The Intel LBR on some recent processor is capable
of filtering branches by type. The filter is configurable
via the LBR_SELECT MSR register.

There are limitation on how this register can be used.

On Nehalem/Westmere, the LBR_SELECT is shared by the two HT threads
when HT is on. It is private to each core when HT is off.

On SandyBridge, the LBR_SELECT register is private to each thread
when HT is on. It is private to each core when HT is off.

The kernel must manage the sharing of LBR_SELECT. It allows
multiple users on the same logical CPU to use LBR_SELECT as
long as they program it with the same value. Across sibling
CPUs (HT threads), the same restriction applies on NHM/WSM.

This patch implements this sharing logic by leveraging the
mechanism put in place for managing the offcore_response
shared MSR.

We modify __intel_shared_reg_get_constraints() to cause
x86_get_event_constraint() to be called because LBR may
be associated with events that may be counter constrained.
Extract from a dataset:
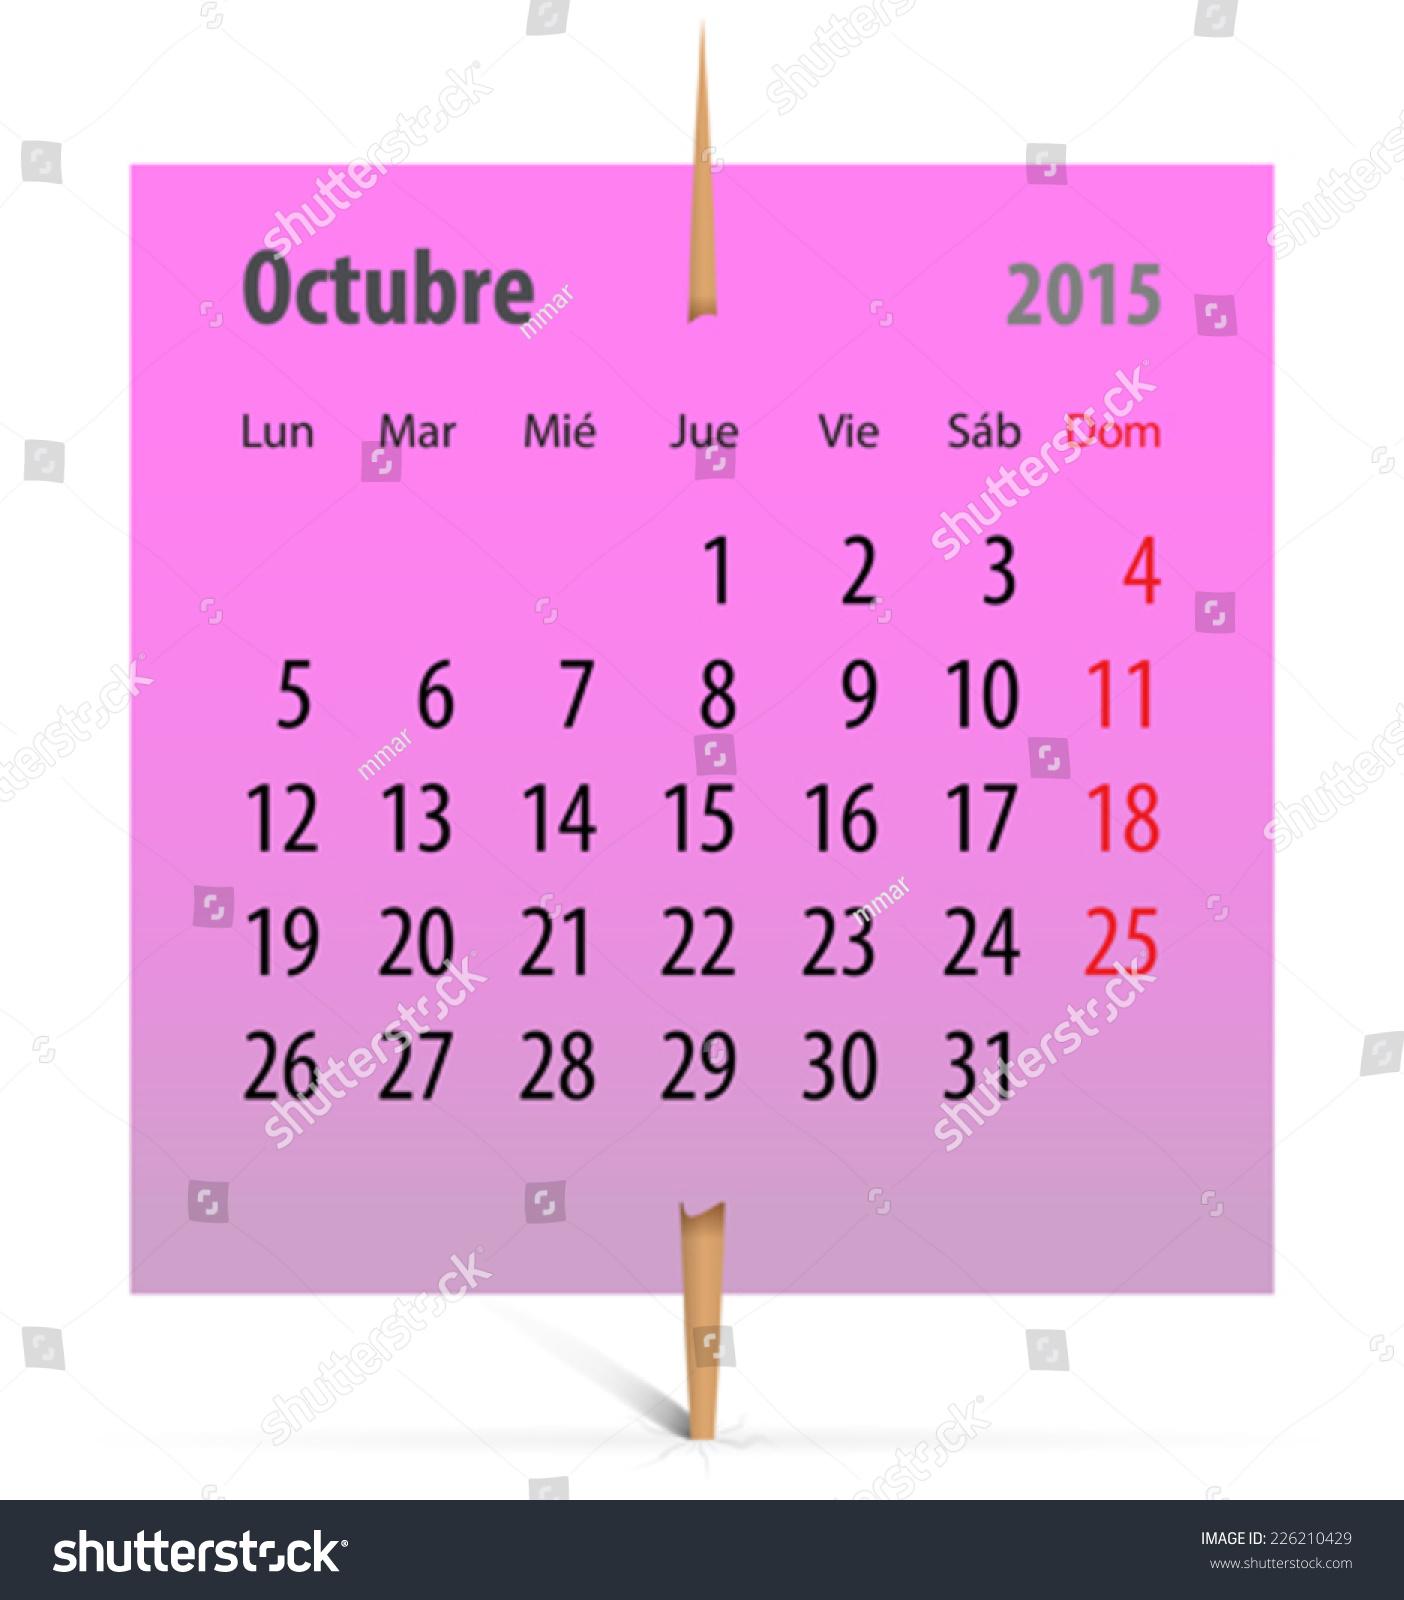 October Calendar 2015 Pink

Signed-off-by: Stephane Eranian <eranian@google.com>
---
 arch/x86/kernel/cpu/perf_event.c       |    4 ++
 arch/x86/kernel/cpu/perf_event.h       |    4 ++
 arch/x86/kernel/cpu/perf_event_intel.c |   70 ++++++++++++++++++++------------
 3 files changed, 52 insertions(+), 26 deletions(-)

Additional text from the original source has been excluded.